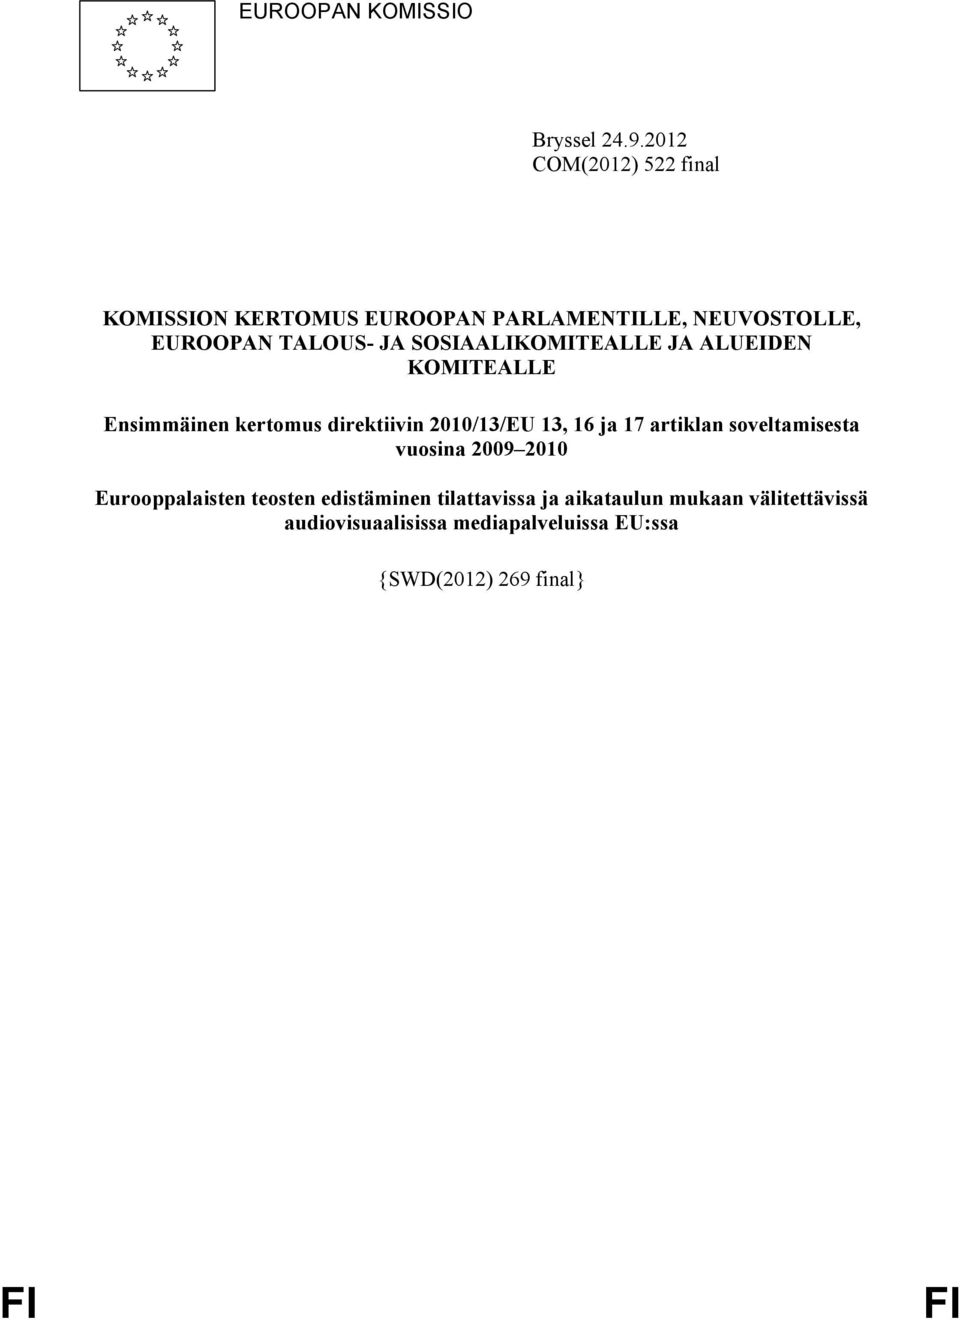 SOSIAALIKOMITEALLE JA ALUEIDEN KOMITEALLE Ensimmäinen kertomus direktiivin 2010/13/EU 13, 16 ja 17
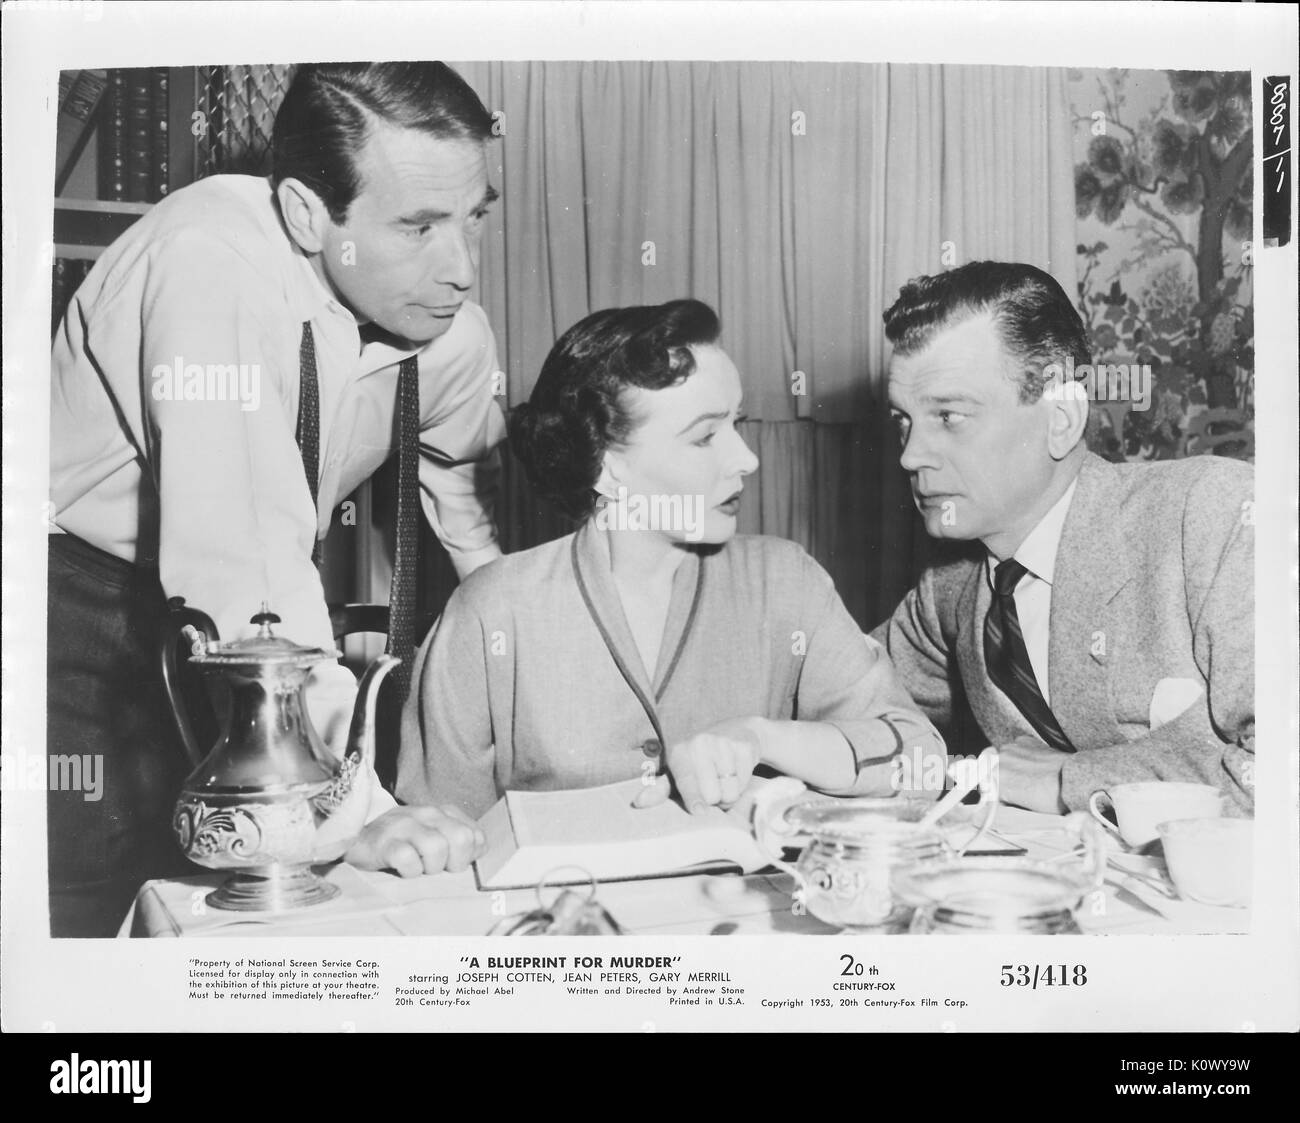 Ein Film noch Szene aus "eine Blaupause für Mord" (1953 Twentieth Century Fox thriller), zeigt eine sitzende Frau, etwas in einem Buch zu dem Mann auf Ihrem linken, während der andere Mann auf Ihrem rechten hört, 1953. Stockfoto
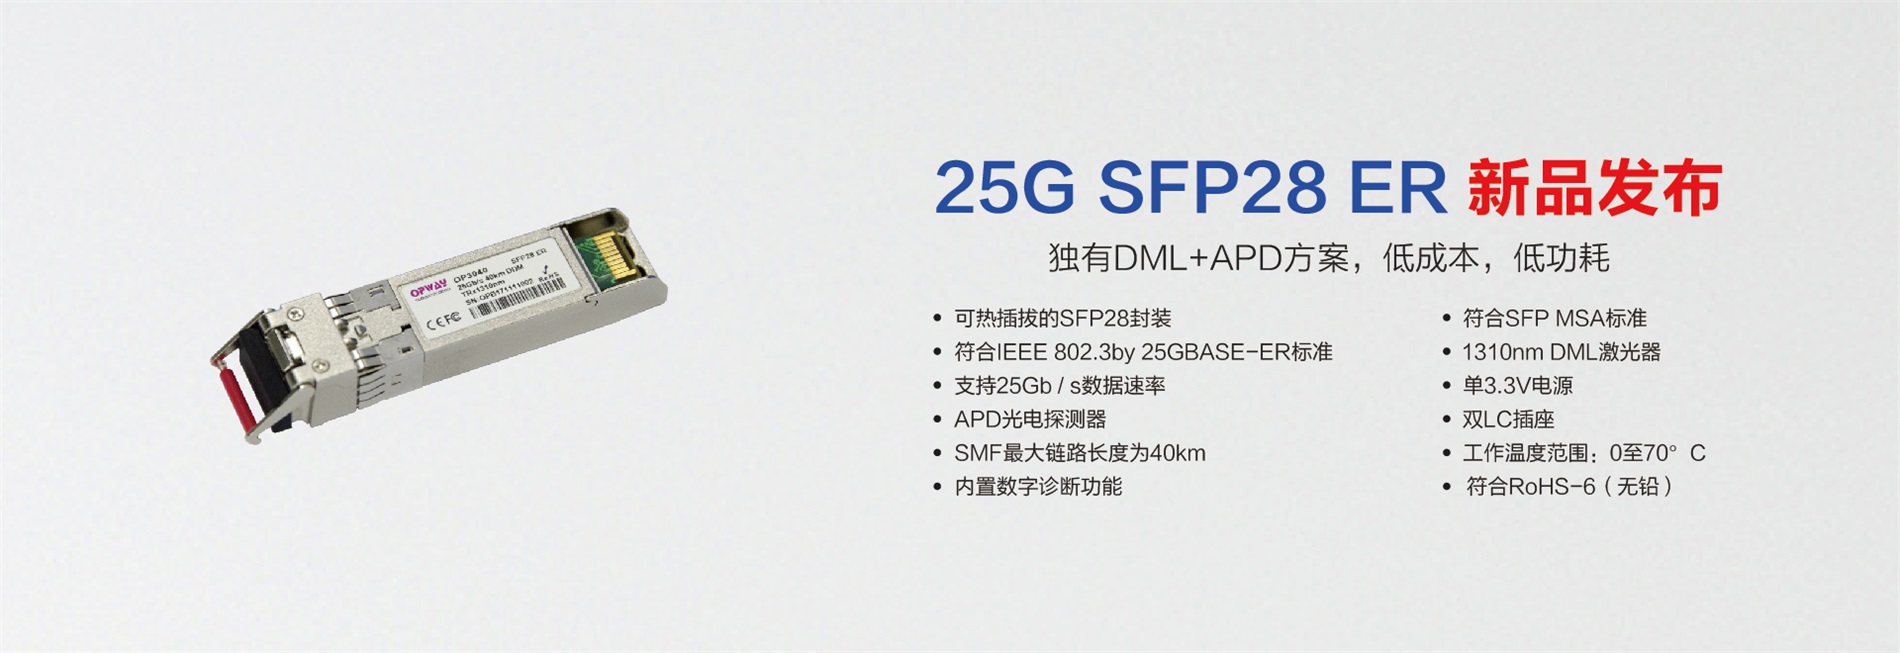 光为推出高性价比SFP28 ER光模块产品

— Task goal —
Output all the material exactly. The pictures are to be left out.

— Answer box —
 SOSIAALIKOMITEALLE JA ALUEIDEN KOMITEALLE Ensimmäinen kertomus direktiivin 2010/13/EU 13, 16 ja 17
 Ein Film noch Szene aus "eine Blaupause für Mord" (1953 Twentieth Century Fox thriller), zeigt eine sitzende Frau, etwas in einem Buch zu dem Mann auf Ihrem linken, während der andere Mann auf Ihrem rechten hört, 1953. Stockfoto
 光为推出高性价比SFP28 ER光模块产品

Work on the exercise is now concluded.